Where do we go from here? One of the important questions to be answered is whether the hyperalgesia seen in patients with unexplained chest pain is confined to the esophagus or whether other organs are also involved. Some evidence suggests that patients with unexplained chest pain also have hyperalgesia of the heart [16]. Further studies are needed to identify whether the hyperalgesia is caused by changes in the biomechanical properties of the esophagus and its reactivity or by all forms of esophageal stimuli [4], including excessive release of chemical mediators of nociception such as bradykinin, or whether it is caused by true sensitization of esophageal nociceptors.

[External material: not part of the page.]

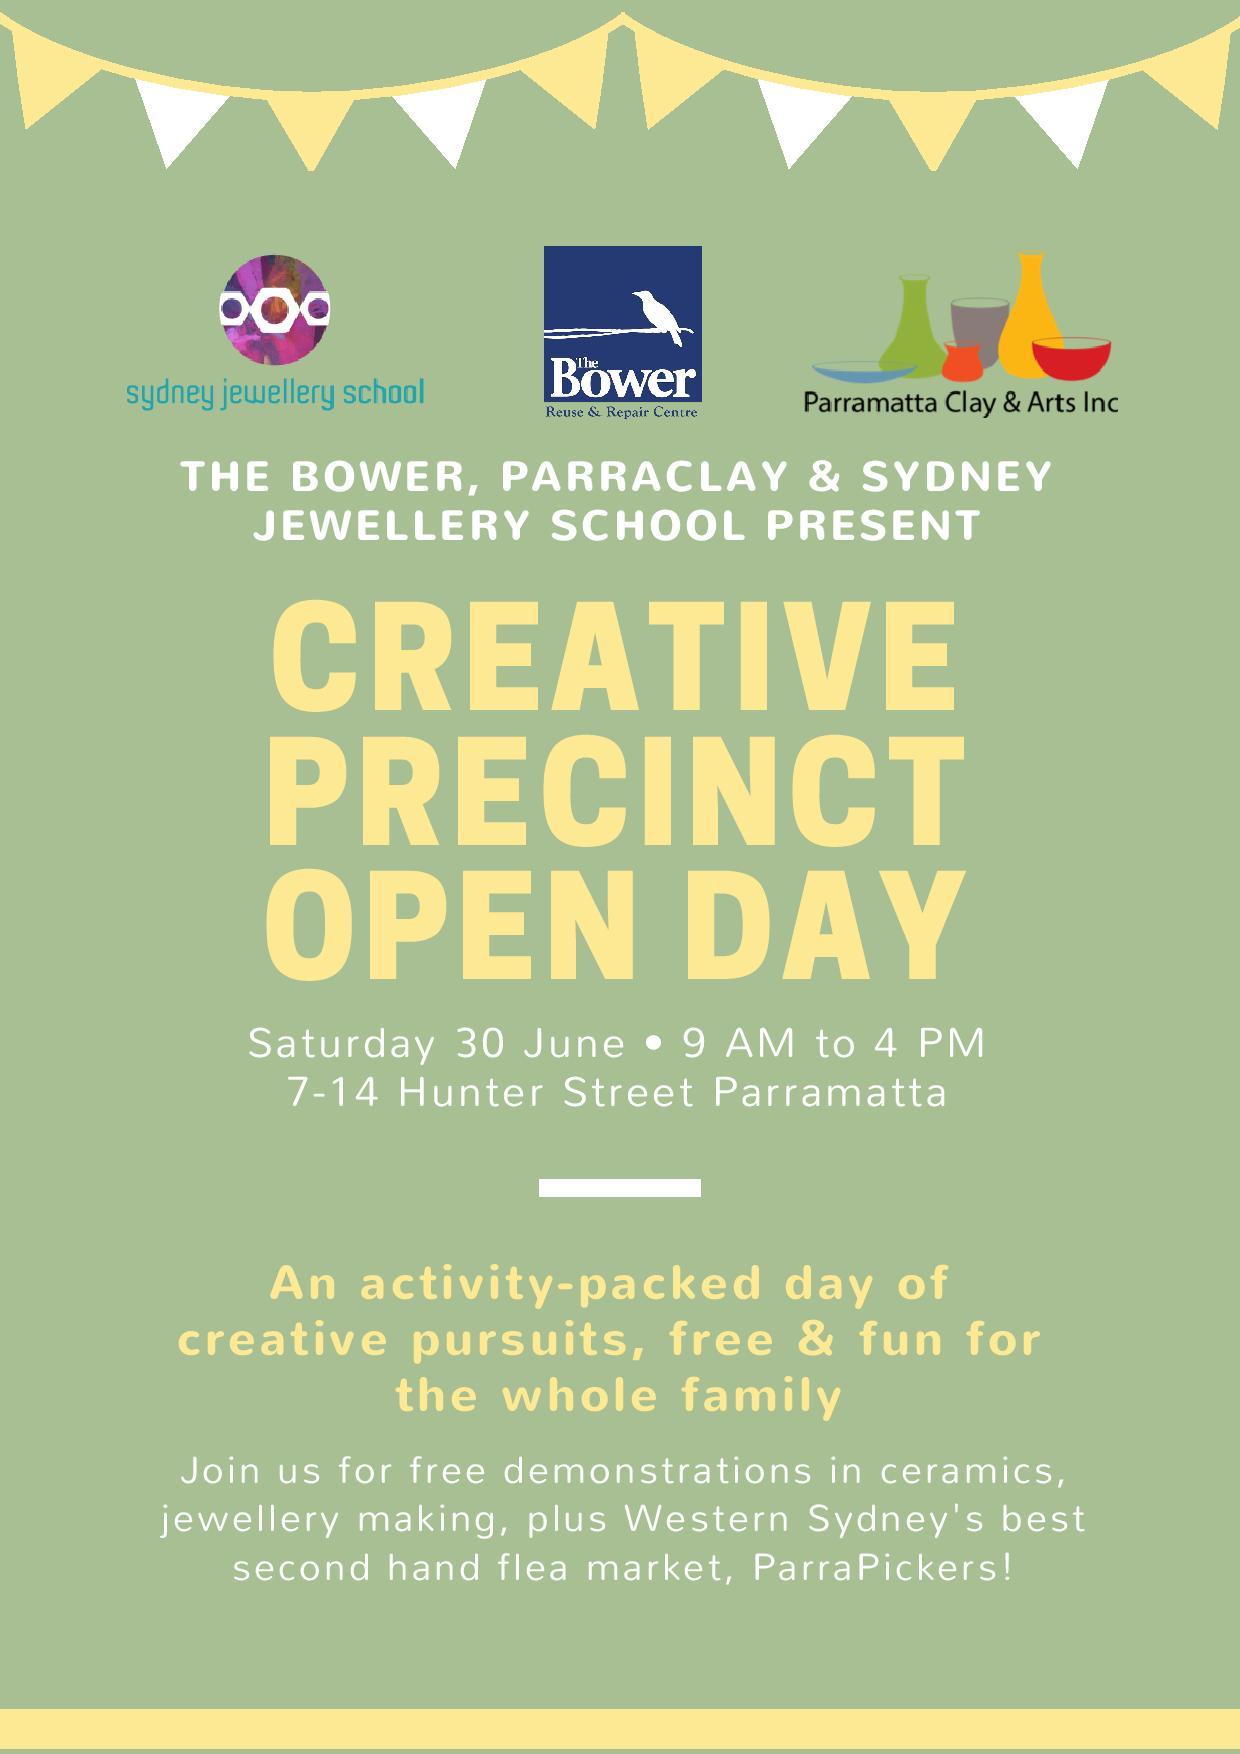 ParraPickers Creative Precinct Open Day

More information on esophageal nociceptors themselves is also needed to understand the mechanisms of esophageal hyperalgesia. Recent quantitative stimulus-response studies in experimental animals have delineated three types of tension-sensitive sensory receptors in the esophagus [17]. Low-threshold bradykinin-insensitive mechanoreceptors are likely to mediate only non-noxious reflex activities; high-threshold bradykinin-sensitive mechanoreceptors are likely to be specific nociceptors; and intermediate-threshold receptors with a wide dynamic range are active in both non-noxious and noxious ranges of tension stimuli [18]. These and other studies [19, 20] have provided new insights into visceral nociception. Investigation of the central nociceptive pathways for visceral pain has also recently become possible [21] and may provide useful information on the cause of unexplained chest pain. Some of this work has suggested that unexplained chest pain may be a general disorder of visceral nociception that is also associated with behavioral problems [22]. Thus, although details of the mechanism cannot yet be described, it appears safe to predict that in the next century, specific disorders of the nociceptive sensory pathways themselves or their modulators will be identified as the cause of otherwise unexplained chest pain.